2012 Olympic Games lanes 'will increase traffic'

Dedicated lanes for Olympic athletes and VIPs during the London 2012 Games will increase traffic in parts of the city, transport bosses have said.

Transport for London (TfL) admitted the "Games Lanes" would put greater traffic demands on certain parts of the network during the Olympics.

Bosses also warned of long delays on the Tube unless commuter numbers fall.

TfL said it had spent more than £6bn upgrading the network for the Olympics and contingencies were being worked on.

The lanes will be on a third of the 109-mile Olympic Route Network [ORN], which will be roadwork-free and cover 1% of the capital's roads.

The ORN will be used by 18,000 athletes and officials during the Olympics as well as 6,000 during the Paralympics.

Lanes will be created in The Highway, in east London, around Wembley Stadium in the north-west of the city, through central London and out to Greenwich and for the main Olympics site at Stratford.

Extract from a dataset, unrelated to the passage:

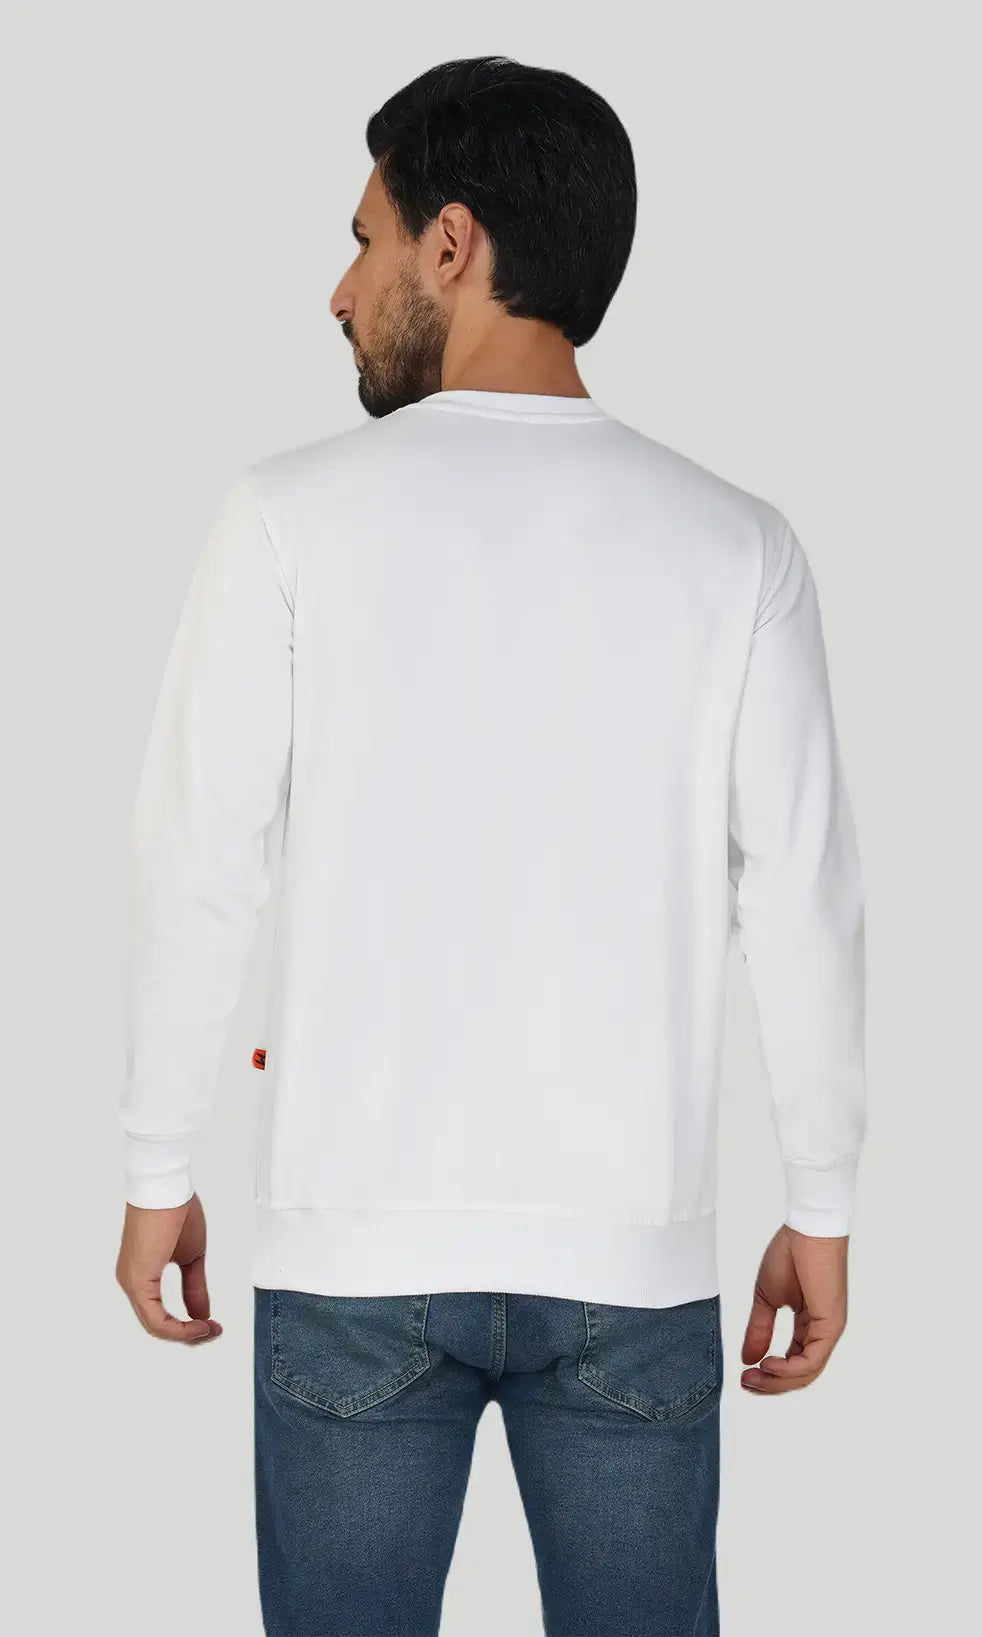 Mebadass Cotton Men's Winterwear Sweatshirt - White

Mark Evers, from TfL, said: "We recognise that the Games are going to create part of the transport network that will be subject to greater traffic demands and we've put in place a variety of measures in order to try and manage that.

"At the moment we are sitting down with local authorities, businesses and residents in order to understand how we get the balance right."

Next summer it is expected an extra three million journeys per day will be made on public transport.

Models drawn up by TfL show a 30% drop in the number of commuters on the Tube network is required to make space for Olympic visitors, or huge delays are expected.